Brabantia and The Hunger Project

photo © Johannes Odé

Brabantia wants to make the world more beautiful, by making beautiful products that change daily chores into valuable rituals. By consistently focussing on sustainability, and by supporting people and organisations that make a difference. That is why we support both WeForest and - since 2017 - The Hunger Project. WeForest and The Hunger Project also work together - WeForest with trees and The Hunger Project with people. Together we make a stand against erosion - because eroded soil is depleted soil, resulting in crop failures and food insecurity.
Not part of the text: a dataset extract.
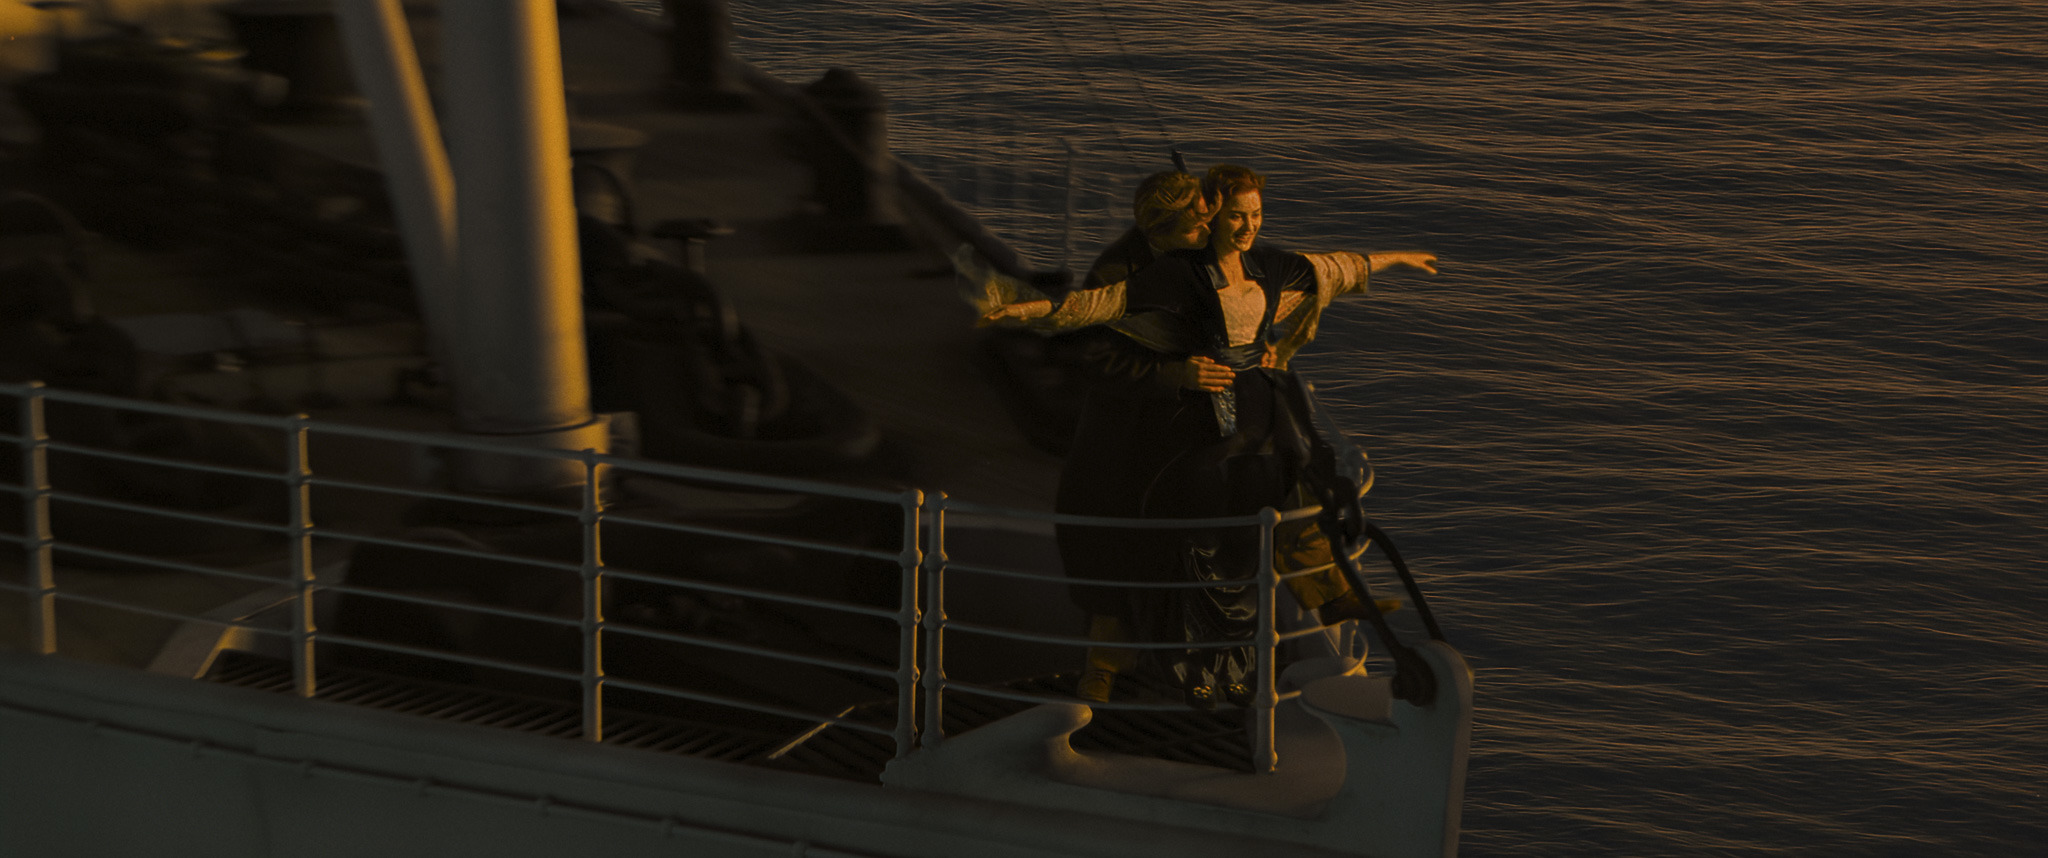 Titanic, dal 9 febbraio nelle sale italiane per San Valentino, in occasione del 25° anniversario, torna nelle sale in una versione rimasterizzata in 3D
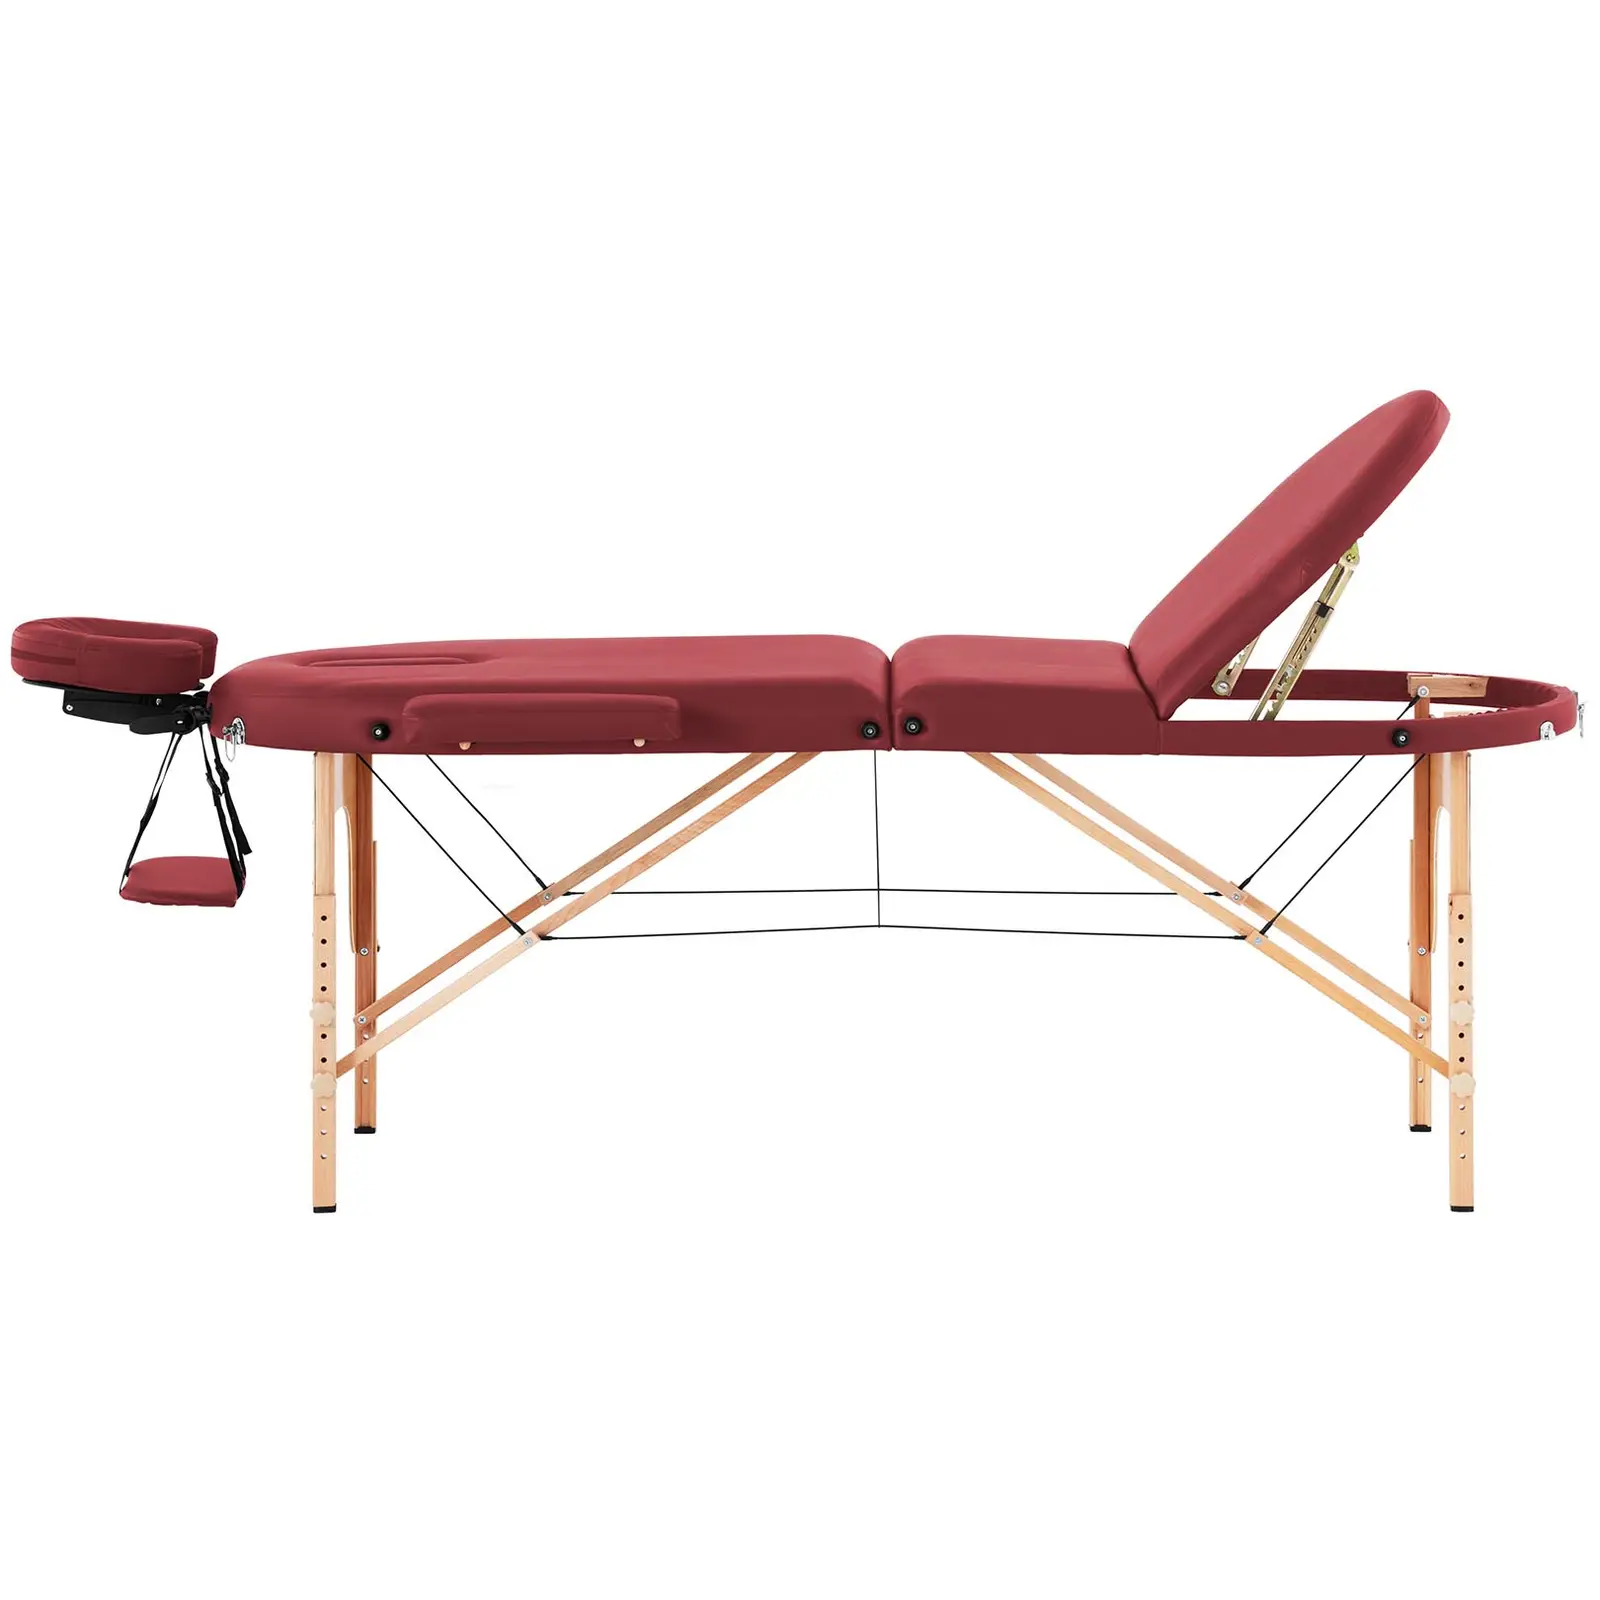 Hopfällbar massagebänk - 185-211 x 70-88 x 63-85  cm - 227 kg - Röd

In the Machakel region of north-eastern Ethiopia, at first sight everything seems fine. In the rainy season, the grass grows well, and the hills are green. But when you look a little closer, you can see significant, sometimes even extreme erosion. Deep, bare cuts appear in the otherwise green landscape. In the rainy season, more and more fertile soil washes away through these channels. WeForest and The Hunger Project are trying to stop this process by planting trees and educating people. Brabantia supports them. But the main partners of this project are the men and women of Machakel themselves.

Trees instead of cattle

To really combat erosion, areas of land of at least 14 hectares are needed. The population makes this community land available for forest planting, rather than for grazing livestock. This is a major investment in this area, where land is scarce. But it is a very important one: “Cows worsen erosion. They eat grass and plants and crush the ground. The result is that the soil does not retain water as well, and existing small erosion trenches are getting bigger and bigger”, says Workneh Edesa, project manager The Hunger Project Ethiopia.

Photo © Johannes Odé

Photo © Johannes Odé

People invest their time

The people of Machakel not only provide land, but also time. They unite in committees, help plant seedlings and protect young plantings. In a poor area like this, doing so much volunteering is a big investment. Belaching Yunus, chairman of the committee of Amanuel Zuriya explains why he does it anyway: “In training, I learned how to stop erosion on the slopes and how to maintain the ecosystem. We planted thousands of seedlings this year and together we placed a fence around the area. You can see that the grass in this area is already much higher and there is more variation in plants. ”

Choosing trees

The inhabitants of Machakel prefer to plant eucalyptus trees. They grow quickly, and can be cut down quickly, which means income. But these trees deplete the soil, use far too much groundwater, displace other types of trees and worsen erosion. To stop erosion, the people are now planting a wide variety of protected native trees. A bold choice for the long term.

Our results so far:
- There are 3 nurseries in the region, where seedlings are grown
- Trained farmers and women farmers have united in 60 farmers' committees
- 530 hectares of community land have been made available for forest planting
- Local volunteers have planted over 1 million trees
- 735,000 fruit trees and fruit bearing shrubs have been planted on farmyards, allowing another 270 hectares of land to be used for agroforestry

What does Brabantia do?

Brabantia has been supporting WeForest since 2015, through the sale of drying racks and rotary dryers. The partnership with The Hunger Project started with the introduction of the 1.3-litre carafe shaped canisters and two 1-litre glass canisters - all with measuring cups. For every storage jar sold, Brabantia pays The Hunger Project for the training of one resident. The jars themselves also help against food waste: they keep food fresh longer, and the measuring cups help you prepare just the right amount for your meal.

“The most important thing for me is that we create a better living environment together and that we combat the consequences of climate change. The children that I will probably have, should also be able to live here”, says Gizachen Buyu. And even though the two never met, he is completely on par with our CEO, Tijn van Elderen. He says: “We want to be part of the solution, not of the problem. We have to, because we want to leave a beautiful world to our children and their children.”